During an average of 10.3 years of follow-up, 442 (21%) participants developed clinical AD dementia and 661 (31%) developed MCI. AAs were more likely to develop clinical AD dementia (24% vs 17%; p < .001) and MCI (46% vs 32%; p < .001) than EAs.

Baseline Characteristics

Baseline characteristics of AAs and EAs by their future cognitive status—no cognitive impairment, developing clinical AD dementia, and developing MCI—are shown in Table 1. In both racial groups, those developing clinical AD dementia and MCI were older, had less education, and had lower baseline cognitive function test scores than participants with no cognitive impairment. The baseline cognitive function test scores of AAs developing clinical AD dementia and MCI were significantly lower than EAs who developed AD dementia and MCI. However, the difference in cognitive function test scores between AAs developing AD dementia and no cognitive impairment were similar to the difference in EAs.
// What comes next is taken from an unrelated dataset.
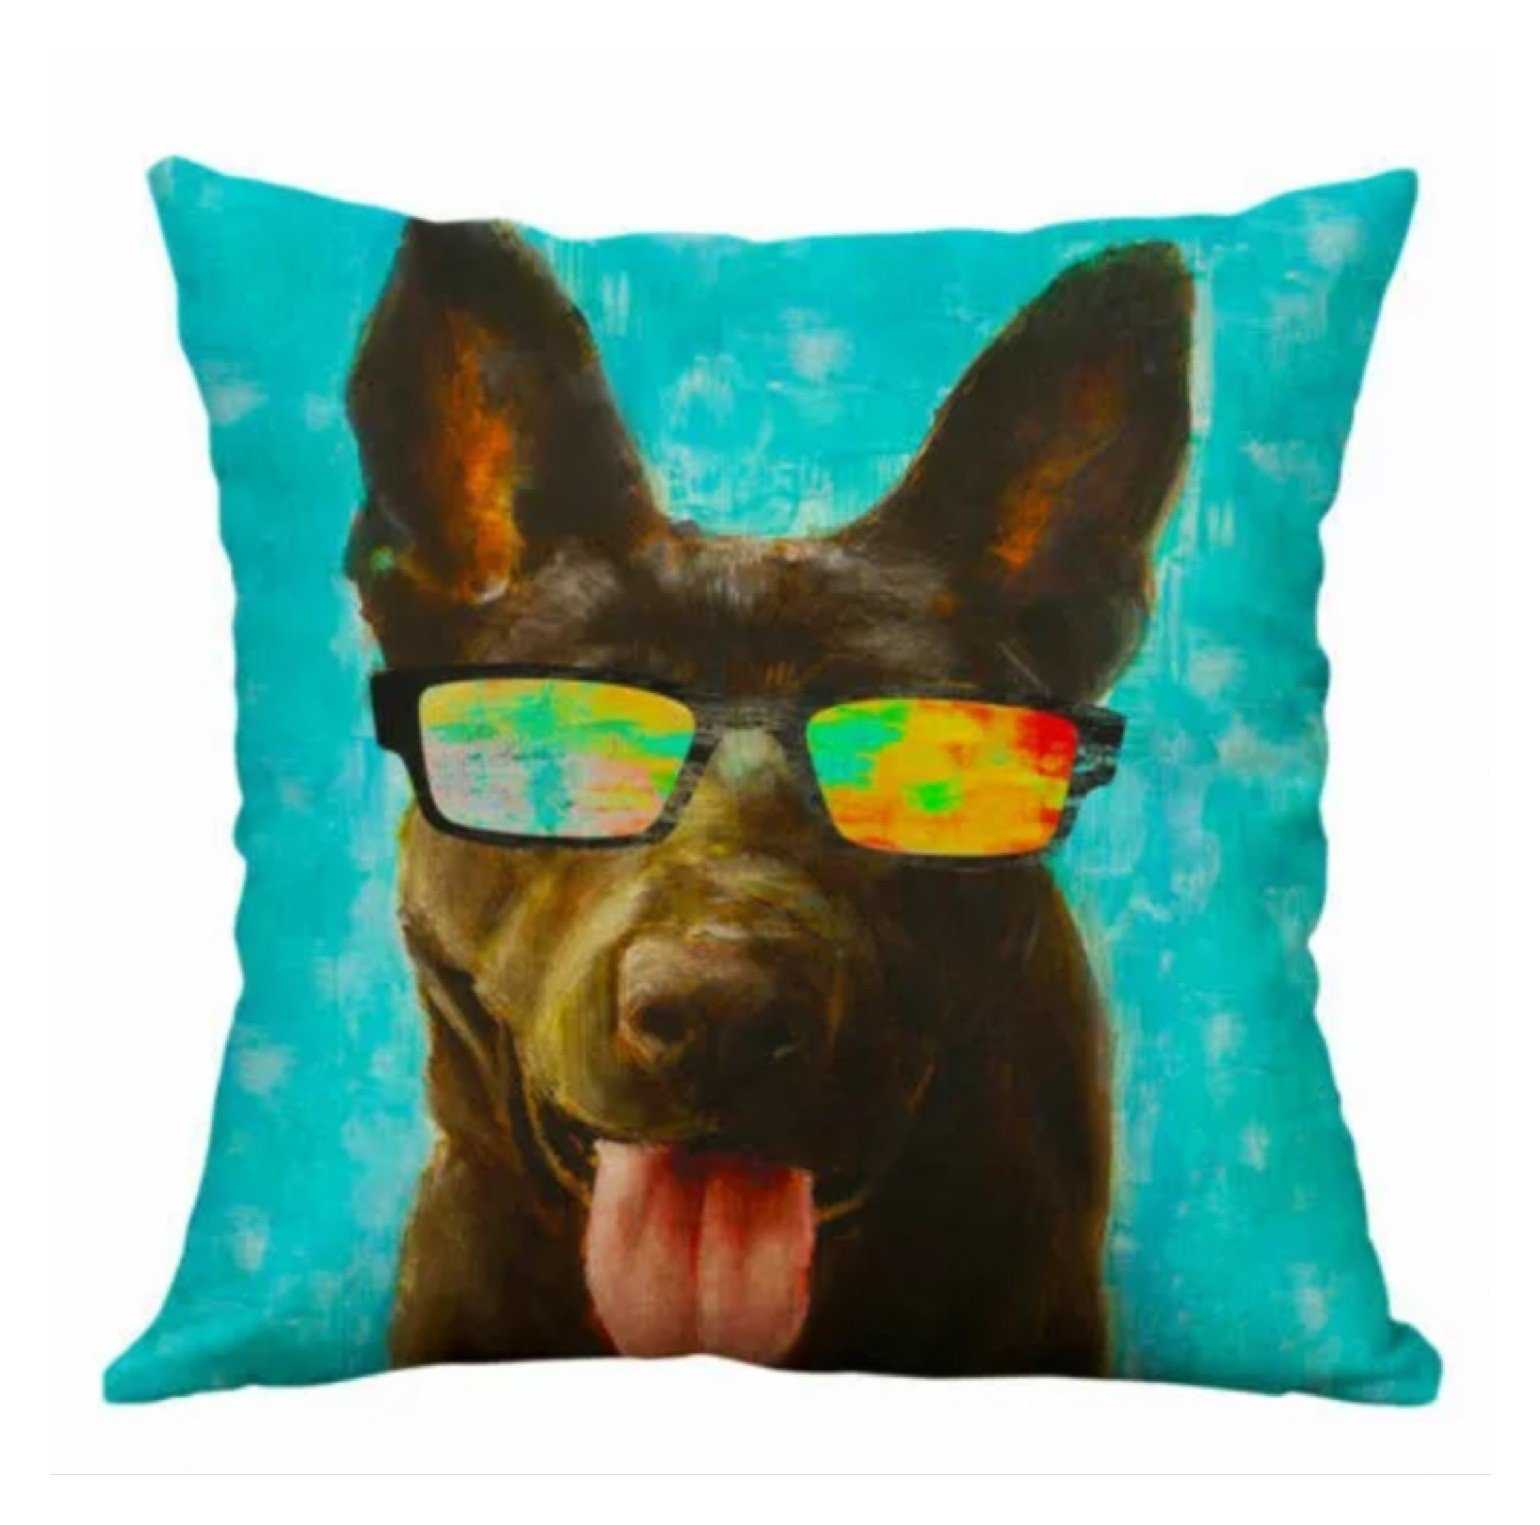 Cushion Pillow Dog Funky with Glasses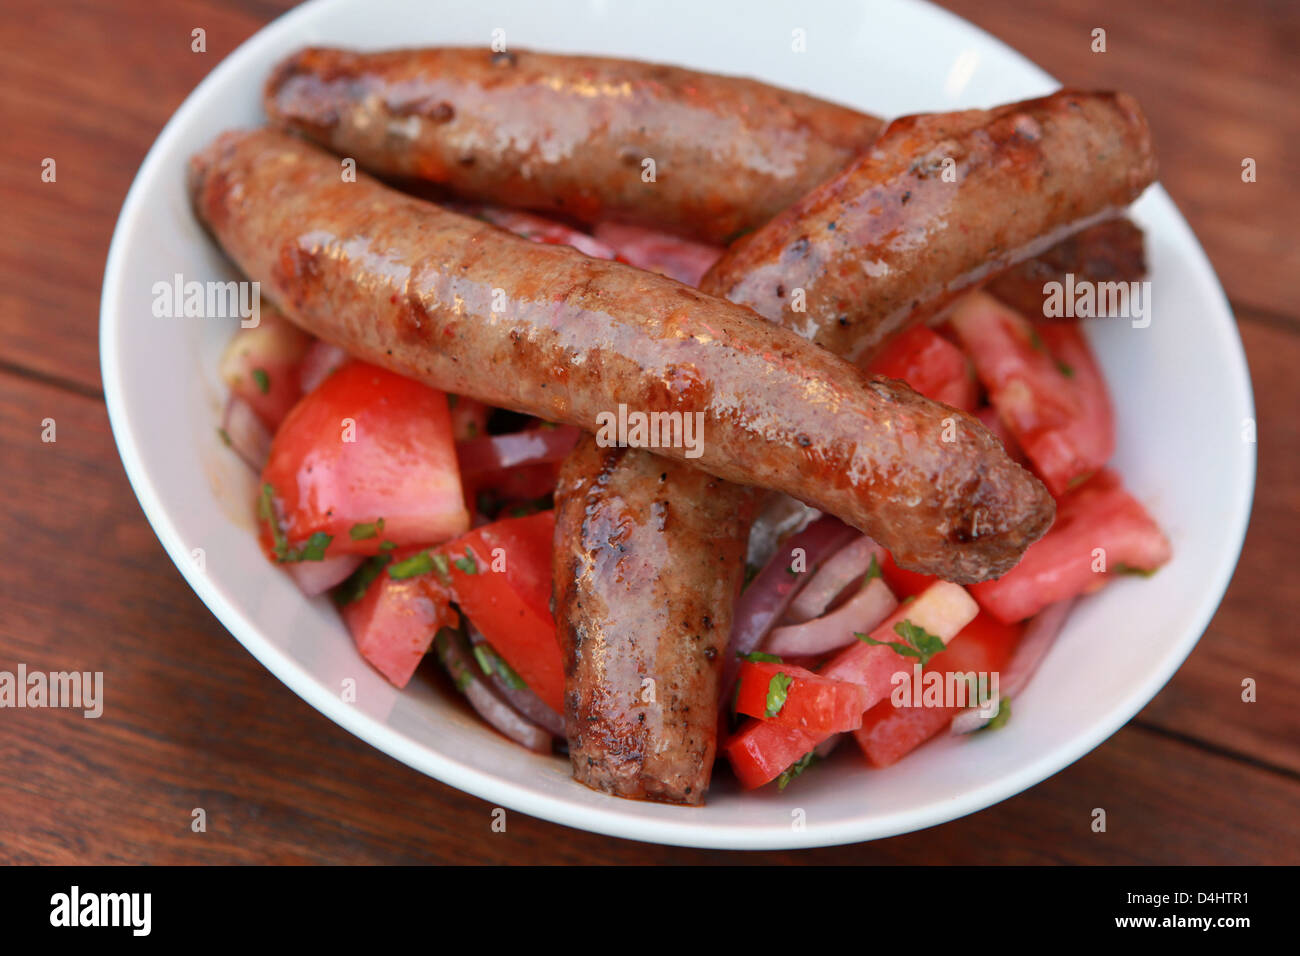 Char Grilled Merguez sausages with salad Stock Photo

Similarly, the difference in cognitive function test scores between those developing MCI compared to those with no cognitive impairment for AAs and EAs was not significant (p = .18).

Table 1.

Baseline Characteristics of 2,125 African Americans and European Americans With No cognitive Impairment, and Developing AD Dementia and MCI

African Americans European Americans
No Cognitive Impairment Developing AD Dementia Developing MCI No Cognitive Impairment Developing AD Dementia Developing MCI
N = 474 N = 275 N = 409 N = 548 N = 167 N = 252
Age, y 69.9 (4.2) 74.2 (5.2) 72.2 (5.2) 72.9 (5.5) 77.9 (6.5) 76.7 (6.2)
Education, y 12.3 (3.0) 11.3 (3.2) 11.8 (3.2) 14.5 (3.0) 13.7 (3.4) 14.1 (3.2)
Cognitive function 0.572 (0.426) 0.039 (0.596) 0.290 (0.511) 0.808 (0.366) 0.332 (0.486) 0.584 (0.389)
Females (%) 294 (62%) 168 (61%) 269 (66%) 337 (62%) 106 (63%) 151 (60%)
Income (%)
 $0–$14,999 136 (29%) 134 (49%) 187 (46%) 78 (14%) 25 (16%) 53 (21%)
 $15,000–$29,999 206 (44%) 102 (37%) 152 (37%) 147 (27%) 65 (41%) 91 (37%)
 >$30,000 131 (28%) 38 (14%) 68 (17%) 320 (59%) 70 (44%) 104 (42%)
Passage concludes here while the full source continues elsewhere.